** Provided entries follows **
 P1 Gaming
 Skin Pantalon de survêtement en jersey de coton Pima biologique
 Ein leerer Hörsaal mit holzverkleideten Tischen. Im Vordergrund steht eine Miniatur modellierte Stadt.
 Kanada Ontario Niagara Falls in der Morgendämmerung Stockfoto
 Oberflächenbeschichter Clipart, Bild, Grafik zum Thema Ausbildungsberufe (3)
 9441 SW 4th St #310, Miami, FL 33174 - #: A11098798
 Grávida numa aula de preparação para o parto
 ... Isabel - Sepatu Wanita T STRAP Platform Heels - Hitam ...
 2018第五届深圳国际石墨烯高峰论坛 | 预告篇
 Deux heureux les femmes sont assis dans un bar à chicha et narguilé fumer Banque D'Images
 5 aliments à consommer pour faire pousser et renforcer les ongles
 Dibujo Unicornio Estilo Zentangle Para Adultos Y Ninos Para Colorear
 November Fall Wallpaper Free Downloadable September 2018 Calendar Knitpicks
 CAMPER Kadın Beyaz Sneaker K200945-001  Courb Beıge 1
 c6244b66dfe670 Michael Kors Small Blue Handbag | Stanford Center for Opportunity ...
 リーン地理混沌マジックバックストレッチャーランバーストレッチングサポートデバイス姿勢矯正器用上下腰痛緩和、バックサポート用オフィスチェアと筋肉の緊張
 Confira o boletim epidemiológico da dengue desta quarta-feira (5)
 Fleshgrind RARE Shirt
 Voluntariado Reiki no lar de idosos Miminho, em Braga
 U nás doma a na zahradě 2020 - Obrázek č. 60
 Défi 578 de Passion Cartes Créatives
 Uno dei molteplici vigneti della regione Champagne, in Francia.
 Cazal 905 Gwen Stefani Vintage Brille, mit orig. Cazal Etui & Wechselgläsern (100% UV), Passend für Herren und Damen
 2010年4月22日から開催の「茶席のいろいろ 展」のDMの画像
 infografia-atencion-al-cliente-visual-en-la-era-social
** End of Provided entries **
= Exercise brief =
Output every entry word for word.

= Task solution =
 P1 Gaming
 Skin Pantalon de survêtement en jersey de coton Pima biologique
 Ein leerer Hörsaal mit holzverkleideten Tischen. Im Vordergrund steht eine Miniatur modellierte Stadt.
 Kanada Ontario Niagara Falls in der Morgendämmerung Stockfoto
 Oberflächenbeschichter Clipart, Bild, Grafik zum Thema Ausbildungsberufe (3)
 9441 SW 4th St #310, Miami, FL 33174 - #: A11098798
 Grávida numa aula de preparação para o parto
 ... Isabel - Sepatu Wanita T STRAP Platform Heels - Hitam ...
 2018第五届深圳国际石墨烯高峰论坛 | 预告篇
 Deux heureux les femmes sont assis dans un bar à chicha et narguilé fumer Banque D'Images
 5 aliments à consommer pour faire pousser et renforcer les ongles
 Dibujo Unicornio Estilo Zentangle Para Adultos Y Ninos Para Colorear
 November Fall Wallpaper Free Downloadable September 2018 Calendar Knitpicks
 CAMPER Kadın Beyaz Sneaker K200945-001  Courb Beıge 1
 c6244b66dfe670 Michael Kors Small Blue Handbag | Stanford Center for Opportunity ...
 リーン地理混沌マジックバックストレッチャーランバーストレッチングサポートデバイス姿勢矯正器用上下腰痛緩和、バックサポート用オフィスチェアと筋肉の緊張
 Confira o boletim epidemiológico da dengue desta quarta-feira (5)
 Fleshgrind RARE Shirt
 Voluntariado Reiki no lar de idosos Miminho, em Braga
 U nás doma a na zahradě 2020 - Obrázek č. 60
 Défi 578 de Passion Cartes Créatives
 Uno dei molteplici vigneti della regione Champagne, in Francia.
 Cazal 905 Gwen Stefani Vintage Brille, mit orig. Cazal Etui & Wechselgläsern (100% UV), Passend für Herren und Damen
 2010年4月22日から開催の「茶席のいろいろ 展」のDMの画像
 infografia-atencion-al-cliente-visual-en-la-era-social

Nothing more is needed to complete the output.